March, 2017

What is Vertigo? What can cause it?

Posted in Uncategorized on March 28th, 2017 with No Comments

Feeling dizzy is a very common complaint in medicine. Dizziness can be described in several ways, including being lightheaded, unsteady, or woozy. On some occasions, patients will experience a specific type of dizziness called vertigo. Vertigo is the sensation of whirling, often described as a “room spinning ” feeling. Unlike most types of dizziness, vertigo is typically caused by disorders of the inner ear (labyrinth). Three of the most common causes of vertigo include BPPV, Meniere’s Disease, and Labyrinthitis.

BPPV, or benign paroxysmal positional vertigo, is characterized by acute vertigo lasting approximately 30 seconds. Episodes are triggered by positional changes of the head, such as rolling over in bed, looking up, or stooping over. BPPV is thought to be caused by loose particles (otoliths) in the inner ear. It can be identified by an easy in-office test called the Dix-Hallpike test. In most cases, the patient’s dizziness improves when keeping the head steady. If the dizziness persists, at-home exercises called the Brandt-Daroff exercises can be performed which often improves the condition. Sometimes a patient will require a repositioning maneuver known as an Epley procedure to help resolve the positional vertigo.

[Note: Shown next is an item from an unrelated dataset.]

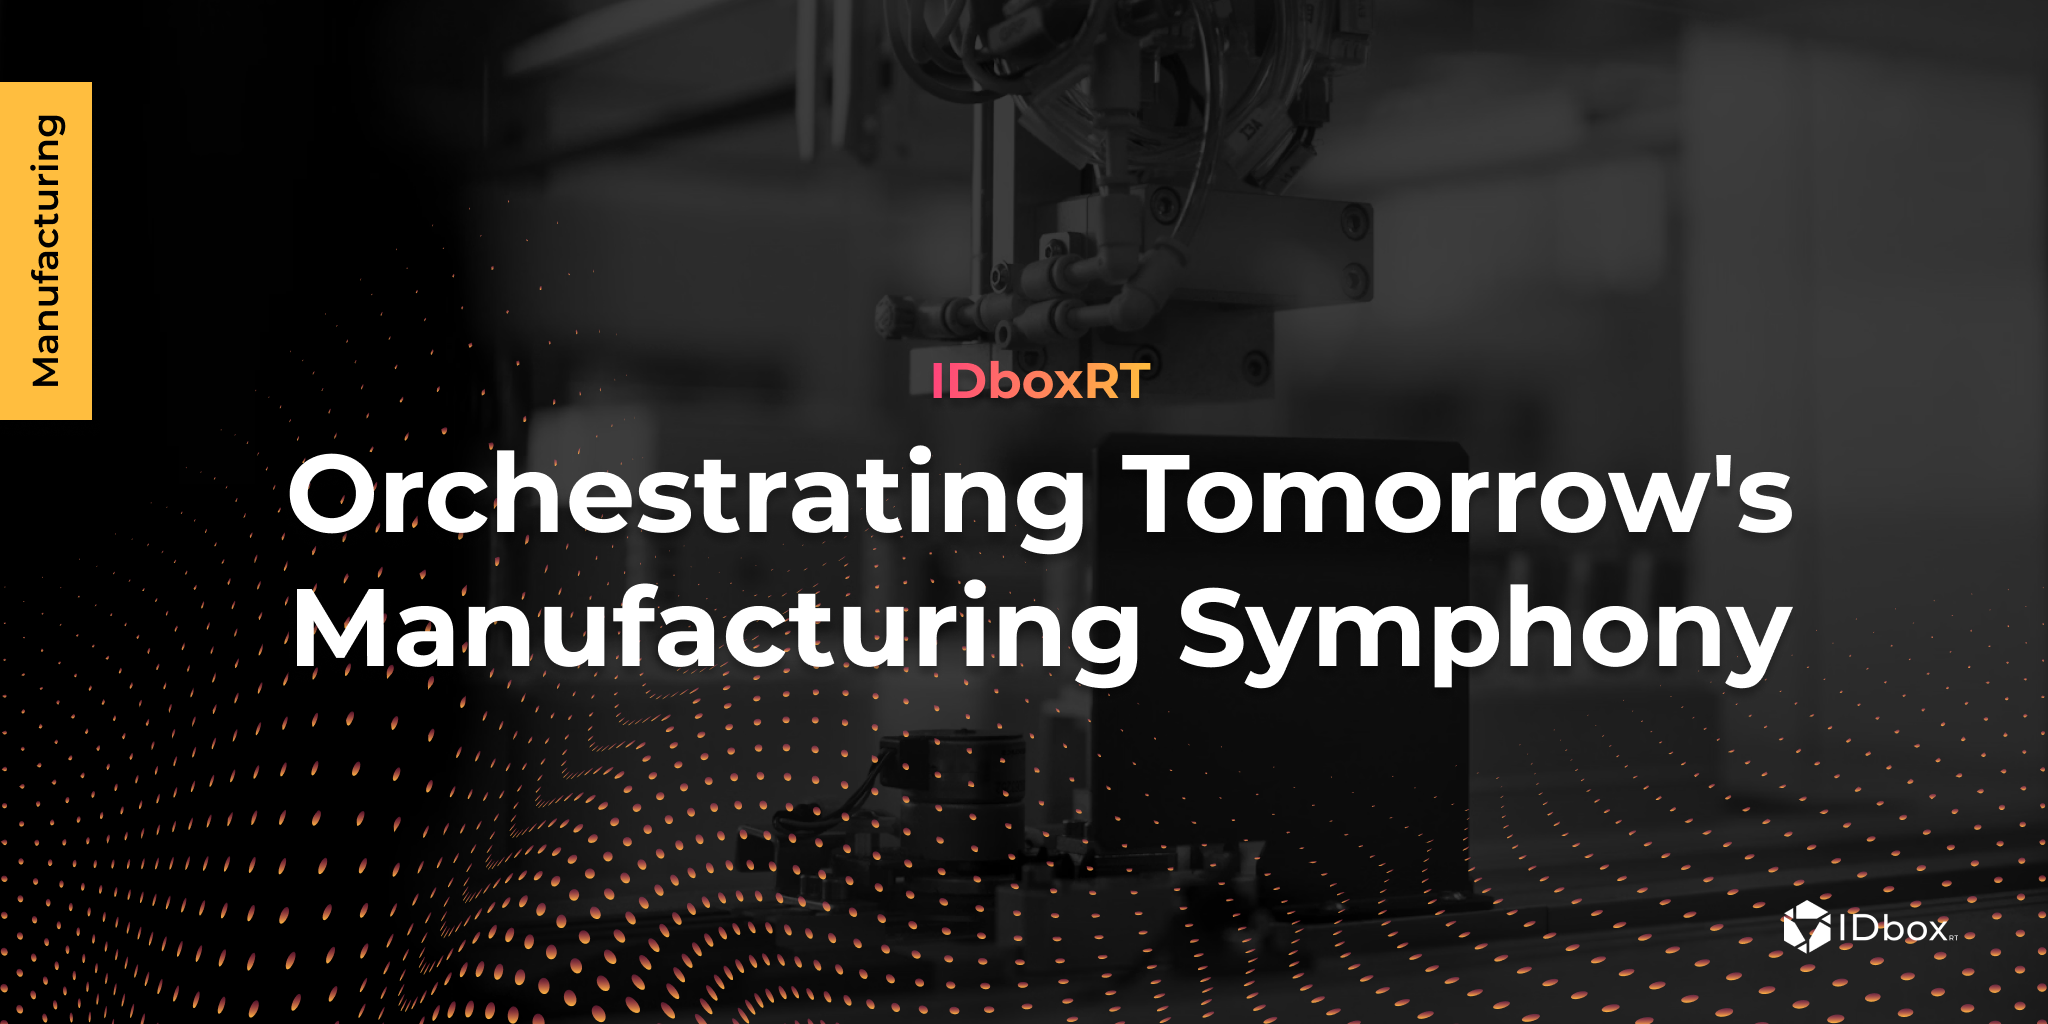 IDboxRT: Orchestrating Tomorrow’s Manufacturing Symphony

Labyrinthitis is another common cause of acute vertigo. Unlike BPPV, patients with labyrinthitis experience constant vertigo, lasting several hours, sometimes days. Associated symptoms may include nausea, vomiting, headaches, hearing loss, and ringing in the ears. Symptoms begin acutely and gradually improve. Sometimes patients will experience residual symptoms lasting up to a month before completely resolving. Labyrinthitis is caused by inflammation of the vestibular nerve, thought to be caused by a viral infection. It is not uncommon for patients to experience labyrinthitis in the setting of an upper respiratory tract infection or cold. Although there are no definitive cures for labyrinthitis, certain medications such as Meclizine can be provided that help calm the vestibular system of the inner ear. If symptoms persist after an extended period of time, physical therapy can also be performed.

Patients with Meniere’s Disease experience episodic vertigo – lasting minutes to hours, ringing in the ears, and fluctuating hearing loss. Although the cause of Meniere’s Disease is not well understood, it is thought to be related to a fluid imbalance in the inner ear(endolymph) . Meniere’s Disease can sometimes become a chronic condition , and may affect a patient for many years after onset. Coping with Meniere’s can be challenging, as attacks are unpredictable. In many cases, first line treatments such as a low-salt diet and a diuretic can be helpful to control or eliminate symptoms.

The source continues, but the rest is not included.